Is there a new polis every time the oligarchs overthrow the democrats, or vice versa? Or is Athens, in spite of the breaks in the continuity of its constitutional form, still Athens? Most importantly, does the polis act when an oligarchic government contracts a debt, or can such debts be repudiated by a succeeding democratic government because oligarchies represent only private interests and not the common good–an argument apparently very much in favor with the leaders of democratic factions?
For Aristotle, the answers to questions of this nature depend on the answer to the ultimate question: Do we want to speak of a polis as the same polis as long as the people and its abode remain the same, in spite of the fact that the members of the polis are a flow of generations, a flow of human beings coming into existence and dying, and thus never are the same from day to day?
Aristotle is driving this argument, from the social side of order, toward the same Zenonic impasse toward which, at the beginning of this inquiry, we drove it from the side of the valid legal order. Society is an entity composed of human beings. If we try to identify society with its membership, then, because of its daily increase and decrease by births and deaths, we shall find no society with continuous existence in time, but a new society every day.
The polis, therefore, must be defined in terms, not of human beings, but rather of citizens as the substance of its form; and the form will be the constitution. If the constitution is the same, the polis is the same regardless of the increase and decrease of its citizen substance.
Aristotle ends the analysis with the assurance that none of this affects the question whether a polis should or should not pay its debts when the constitution, the politeia, changes. He leaves this question dangling, just as he leaves dangling the question of the status of the citizens under an oligarchic or tyrannical constitution in which they do not participate in the governmental process and, also, the question of the continuous existence of Athens through its numerous changes of constitution.
The Zenonic Paradox
The Aristotelian arguments are of considerable interest for our analysis because in them we encounter again the Zenonic paradox. From the paradoxic impasse of the validity of legal rules, their aggregates, and the succession of aggregates, we sought refuge in society as the something that exists in time.

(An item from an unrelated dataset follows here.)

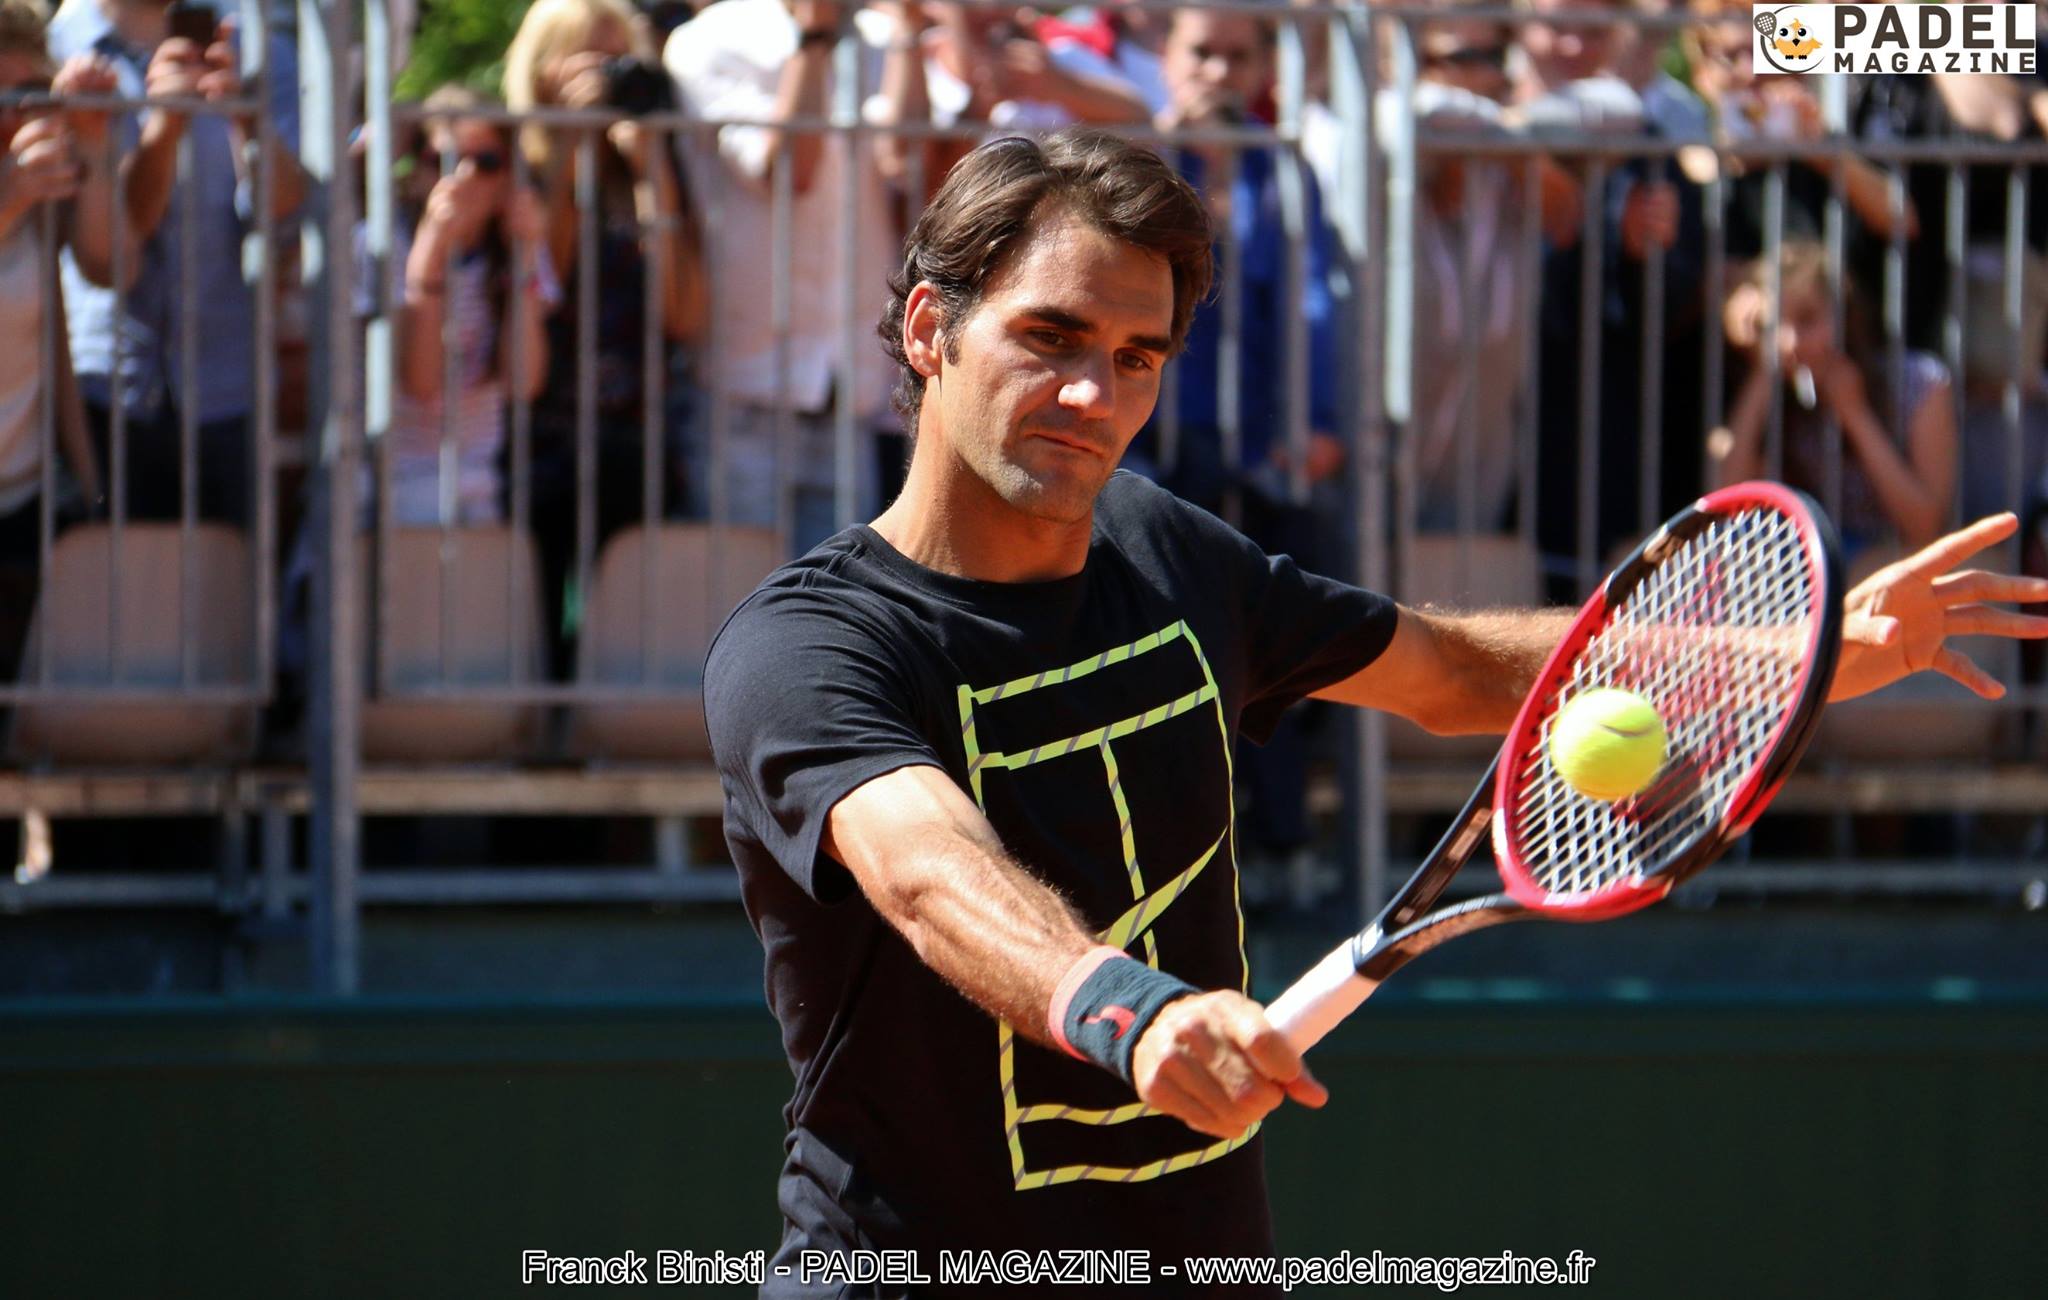 Roger Federer kl padel : drøm eller fremtidig virkelighed?

Aristotle discovers society as a flow of human beings in time that never will congeal to the sameness of a society of any duration in time, and he seeks refuge in the constitution as the form that lasts while its substance, the citizens, changes in time. That is most distressing. The Aristotelian analysis seems to cut off our escape into society, and our analysis already has cut off the escape from society into the duration of the legal order that culminates in the constitution.
The Misuse of Substance and Form
Nevertheless, we need not despair. Aristotle was a master of analysis. If his results are unsatisfactory, his analysis at least reveals, as will every technically well-conducted analysis, the cause of the difficulty. The cause of the difficulty is the uncritical transfer of the categories of form and substance to realms of being for which they were not developed.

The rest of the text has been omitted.